Overall, the decision of the Allahabad High Court reaffirms the commitment to upholding taxpayer rights and ensuring the proper administration of tax laws, thereby fostering a conducive environment for compliance and economic growth.
FULL TEXT OF THE JUDGMENT/ORDER OF ALLAHABAD HIGH COURT
1. Heard Shri Praveen Kumar, learned counsel for the petitioner and Shri Rishi Kumar, learned Additional Chief Standing Counsel for the State.
2. The petitioner is aggrieved by the order dated 04.01.2023 whereby the Assistant Commissioner, Commercial Tax, Mobile Squad-VII, Ghaziabad in purported exercise of powers under Section 129 (3) of the GST Act has imposed a penalty of Rs.1,83,442/-. The order of the penalty was carried in appeal by the petitioner.
3. The appellate authority/Additional Commissioner, State Tax, Mobile Squad, Unit-7, Ghaziabad by the impugned order dated 09.05.2023 upheld the findings of the authority of first instance and confirmed the penalty so imposed upon the petitioner.
4. Being aggrieved by the order dated 09.05.2023 passed by the respondent No.3 / Additional Commissioner, State Tax, Mobile Squad, Unit-7, Ghaziabad and the order dated 04.01.2023, the petitioner has assailed the same in the writ petition.
The5. petitioner is a proprietor running under the name and style of ‘M/s. J.S. Enterprises’ in trading of taxable goods falling under Chapter-74 of the Goods and Service Tariff Act.
6. The petitioner is duly registered as a trader under the GST Act and has been issued a GST Identification Number i.e. 07AECPT6934N1ZU by the competent authority.
7. The petitioner received an order from one M/s. Vaishnavi Electronics, Ghaziabad for supply of Copper Clad Laminte, etc. Upon receipt of the said order the petitioner prepared an e-Invoice No.766/2022-23 dated 04.01.2023 at 10.10 a.m. The e-Way Bill bearing No.721309051066 dated 04.01.2023 was auto generated at 10.13 a.m. after the petitioner had got the aforesaid invoice registered on the common GST portal.
8. According to the petitioner, both the e-Invoice as well as e-Way Bill were provided to the vehicle driver in the digital mode. The vehicle proceeded to its destination after the goods were loaded and the driver was provided with the necessary documentation. When the vehicle was intercepted by the revenue authorities, the driver produced e-Invoice as well as e-Way Bill. However, the revenue authorities conducted the physical inspection of the goods under transportation. At the time of the physical verification of the goods the representative of the petitioner firm appeared before the revenue authorities and presented hard copies of the e-Invoice No.766/2022-23 dated 04.01.2023 and e-Way Bill No.721309051066 dated 04.01.2023. The representative of the petitioner firm sought to demonstrate that the goods being transported were fully supported by valid documentation contemplated under the GST Act. However, the revenue authorities passed a detention order detaining the vehicle and the goods.
9. Thereafter, the show cause notice was issued to the petitioner on 04.01.2023.

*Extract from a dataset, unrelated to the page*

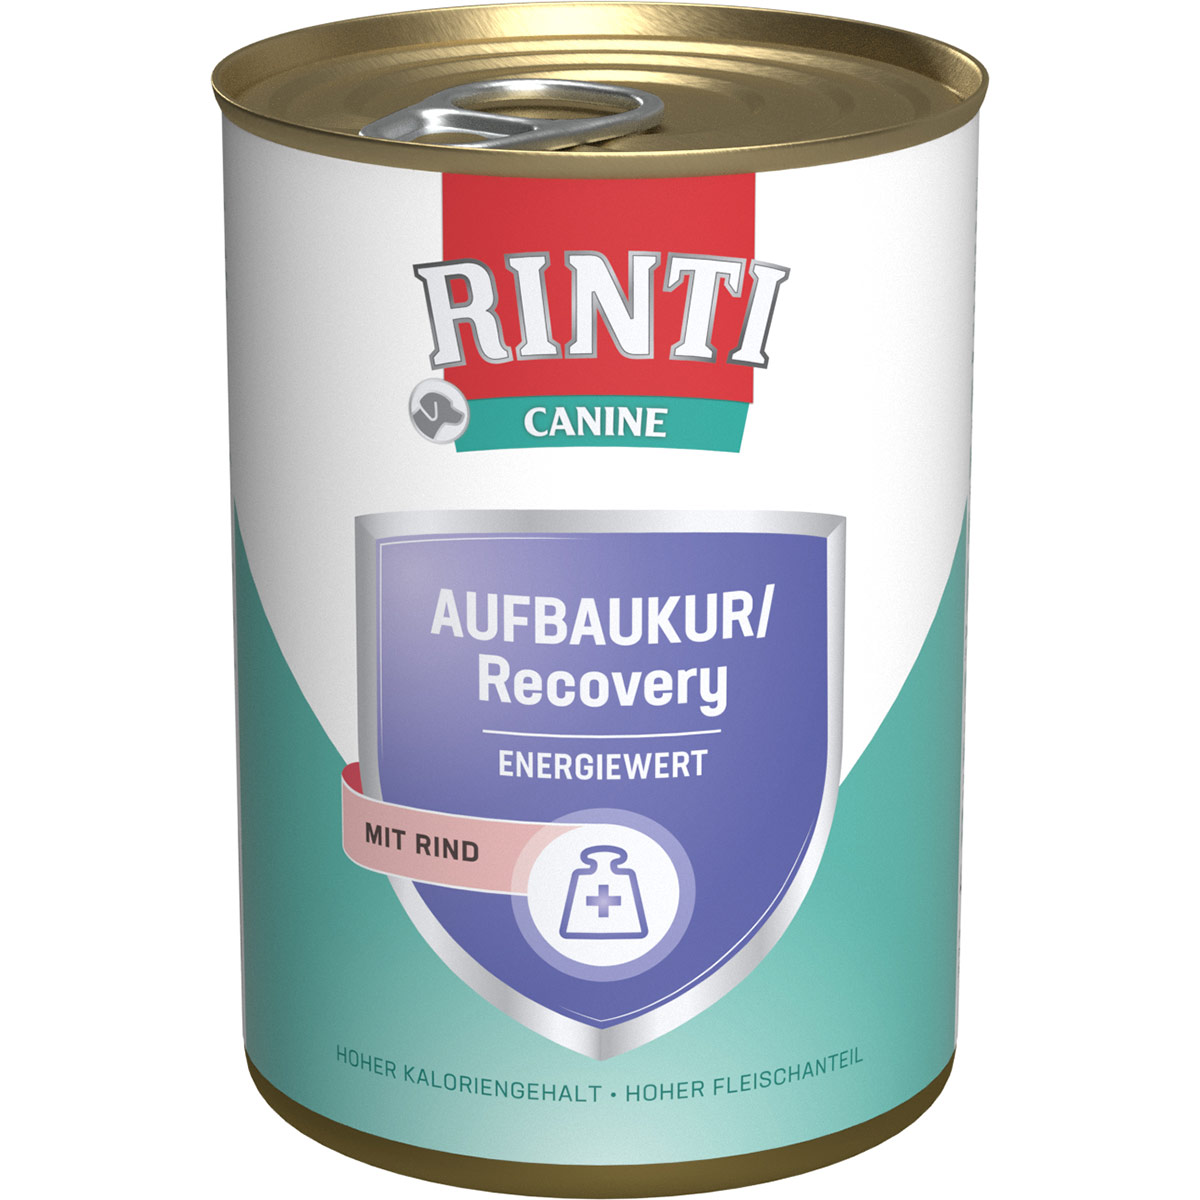 RINTI Canine Aufbaukur/Recovery hovězí maso 6 × 400 g

10. The show cause notice records that the vehicle driver had produced a tax invoice No.766/2022-23 dated 04.01.2023, but the said tax invoice did not bear the signatures of the authorized signatory. Further, the driver of the vehicle was failed to produce other valid documents. In this manner according to the show cause notice, the goods were transported without the valid and complete documentation in violation of relevant provisions of the GST Act. The show cause notice also records that at the time of inspection the representative of the petitioner was present and had duly produced e-Invoice No.766 dated 04.01.2023 and generated the same at 10.10 AM. and also e-Way Bill dated 04.01.2023 generated same at 10.13 AM. According to the show cause notice further enquiries revealed that the said e-Invoice and e-Way Bill so produced disclosed the goods which were being transported. However, in view of the fact that the said documents were not produced at the time of interception of the vehicle violation of provisions of Section 138 of the GST Rules was made out and appropriate action was liable to be taken.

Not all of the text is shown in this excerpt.